Please set down the data again exactly, minus the pictures.

Given material:
-- Opening Marker --

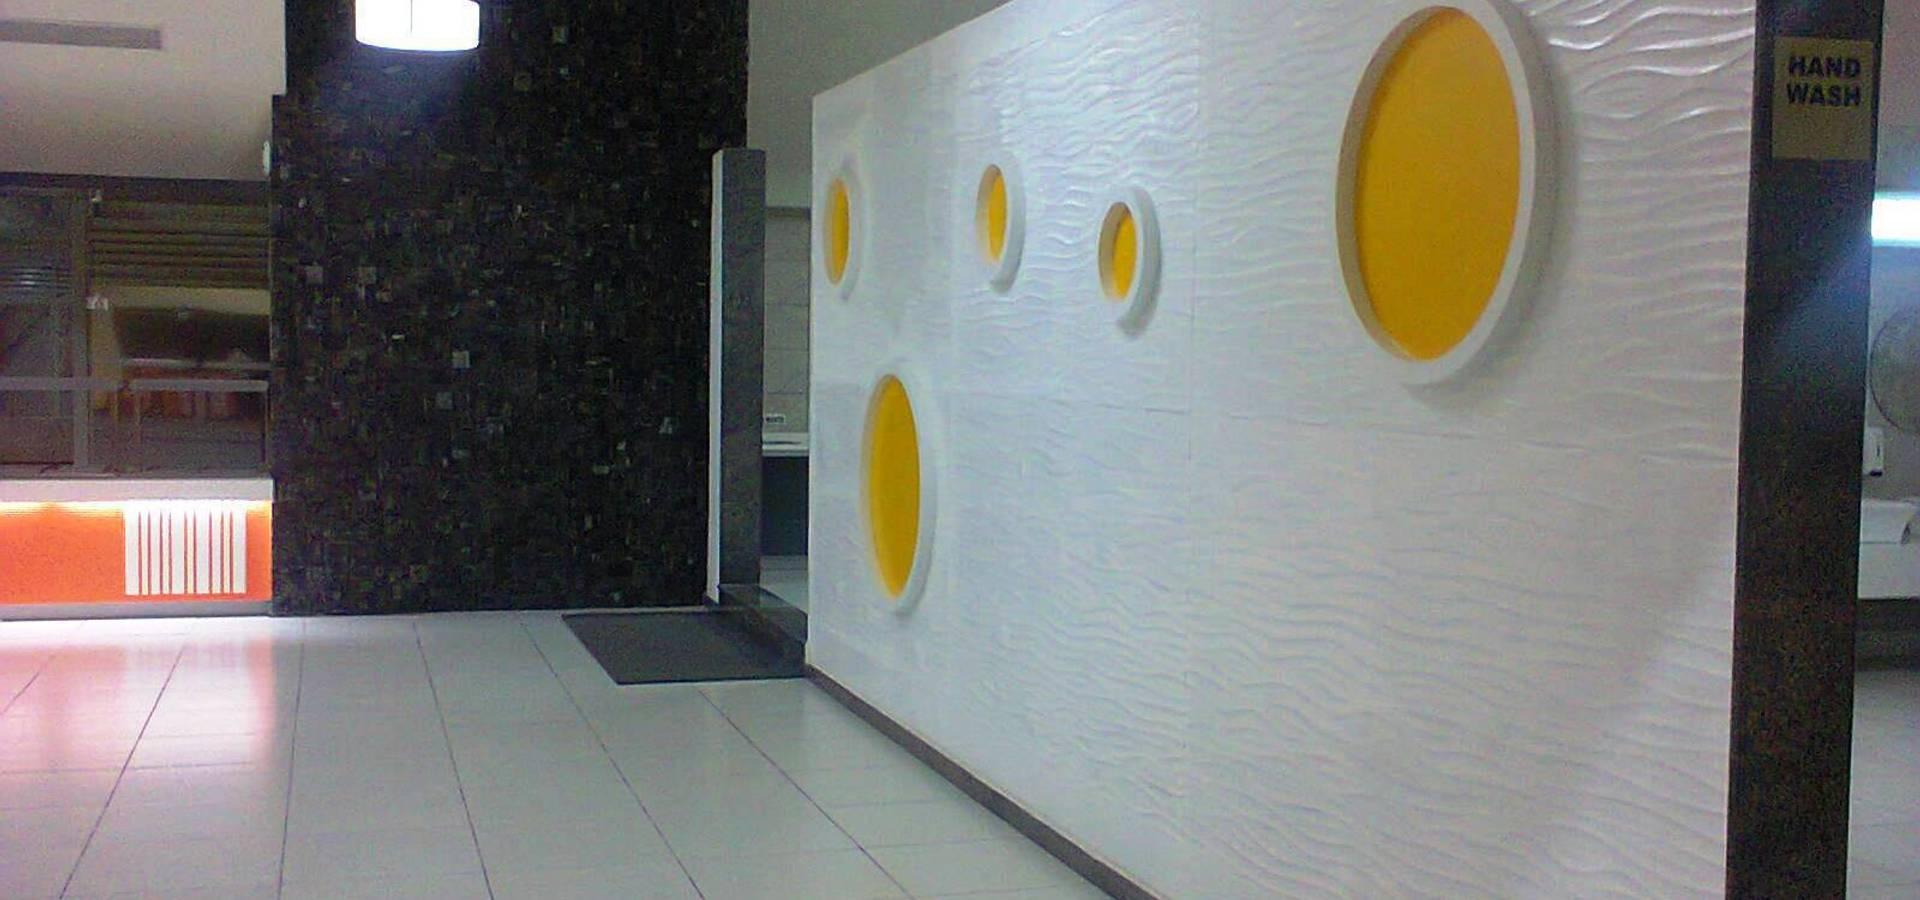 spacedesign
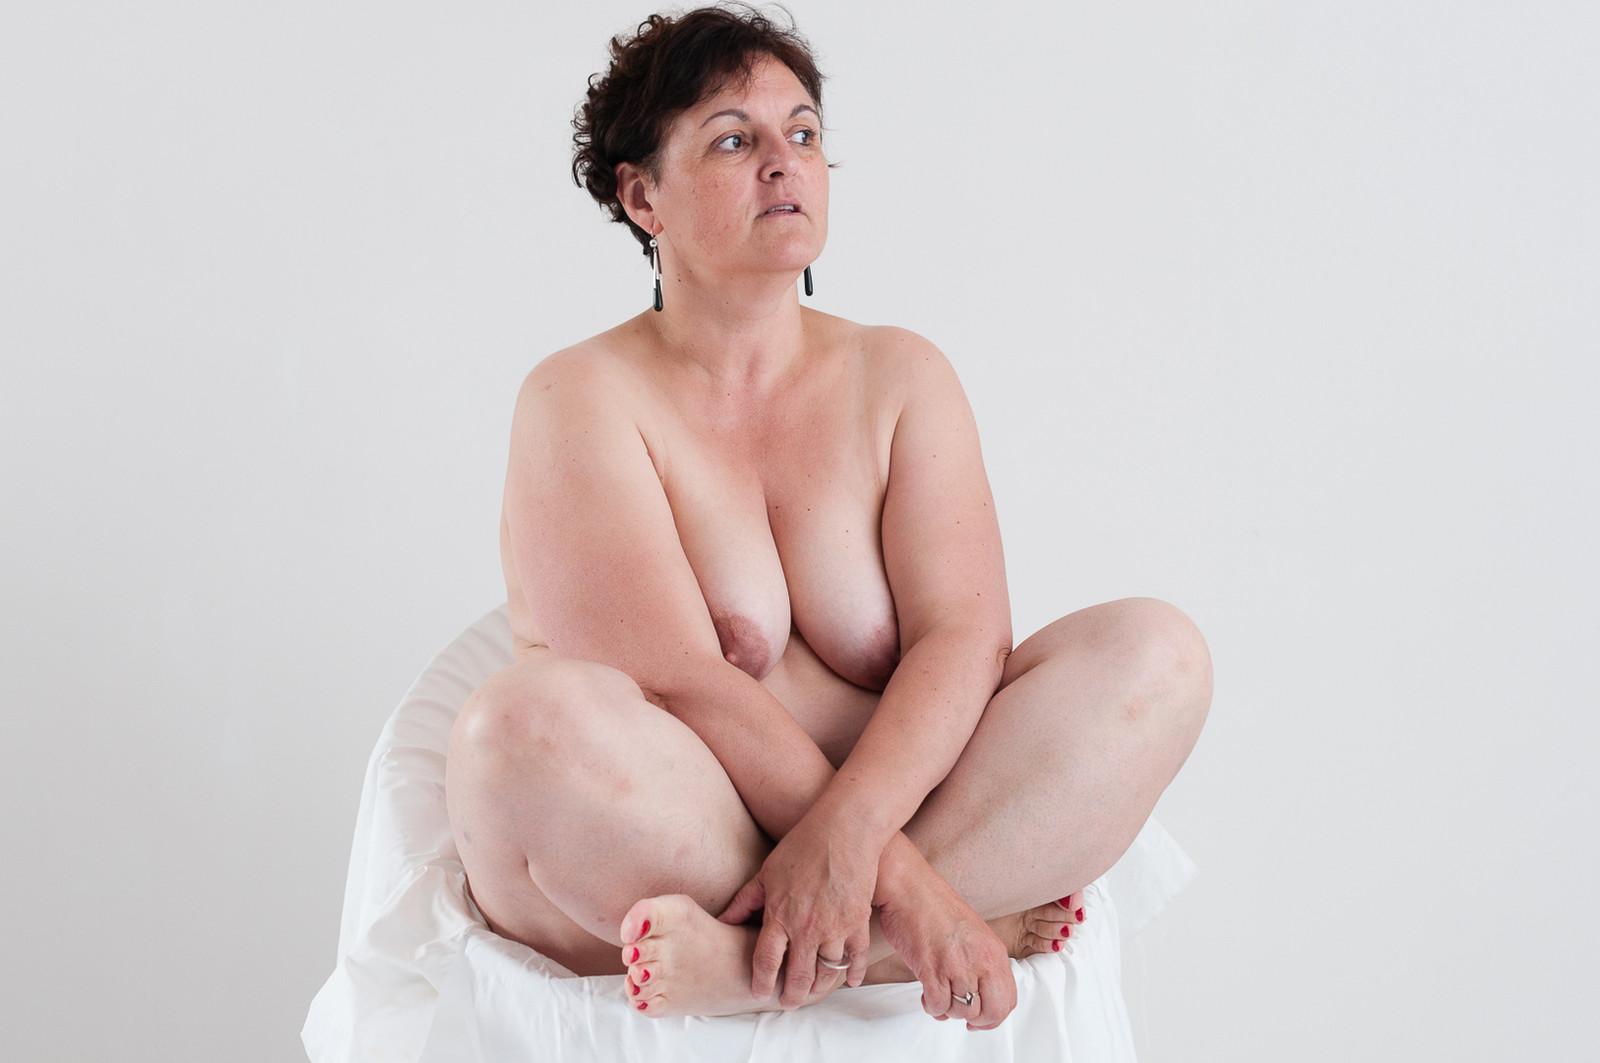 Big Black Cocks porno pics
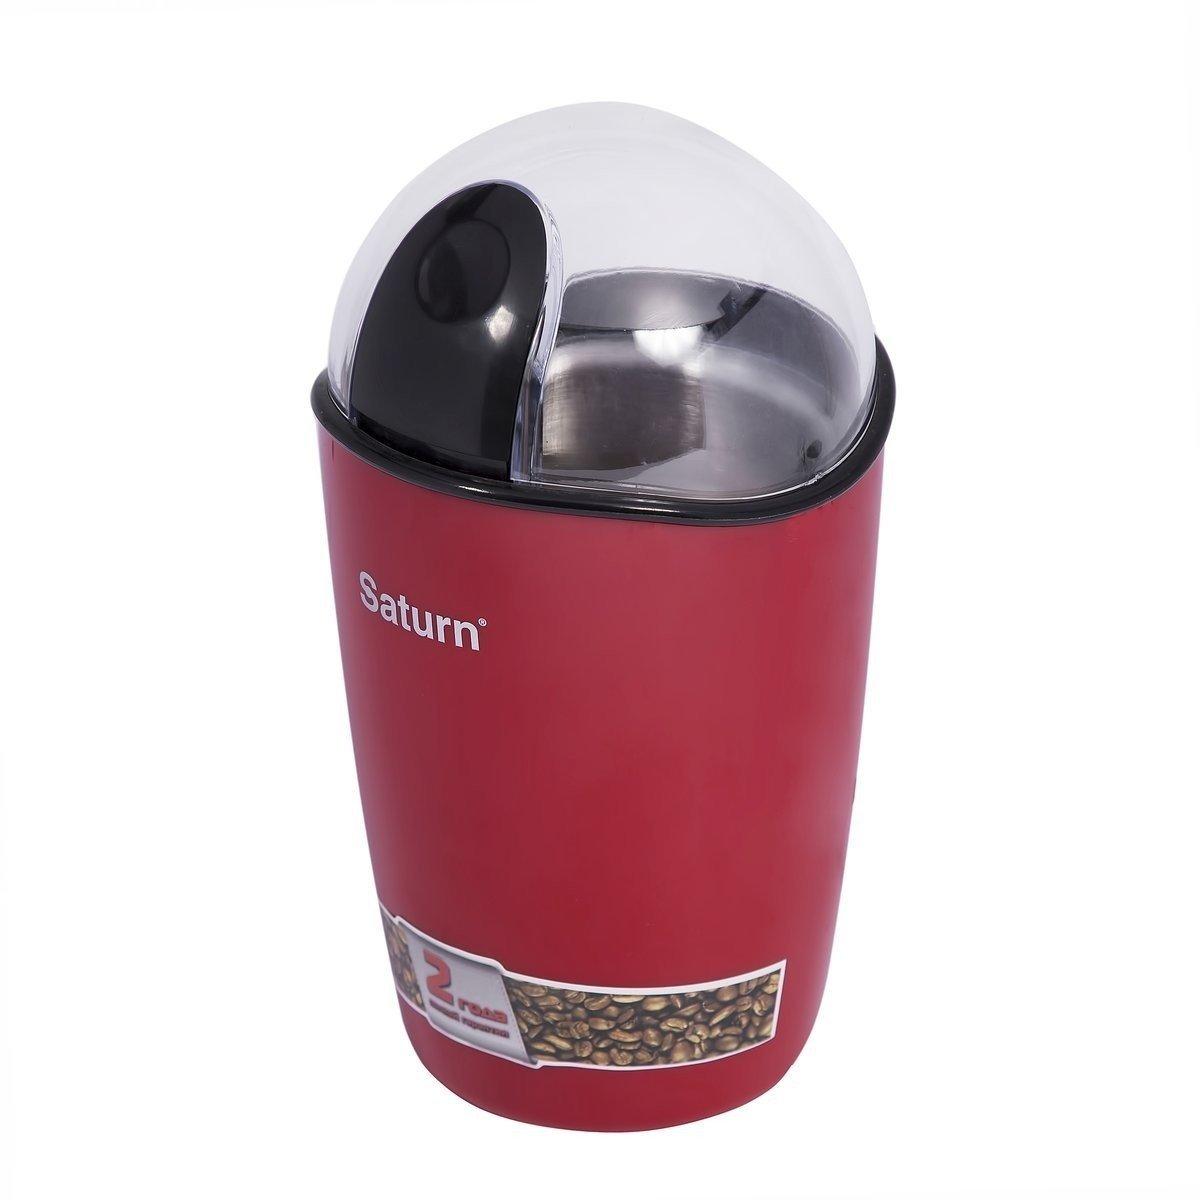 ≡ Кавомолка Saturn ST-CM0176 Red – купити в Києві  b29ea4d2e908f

-- Closing Marker --

Task result:
 spacedesign
 Big Black Cocks porno pics
 ≡ Кавомолка Saturn ST-CM0176 Red – купити в Києві  b29ea4d2e908f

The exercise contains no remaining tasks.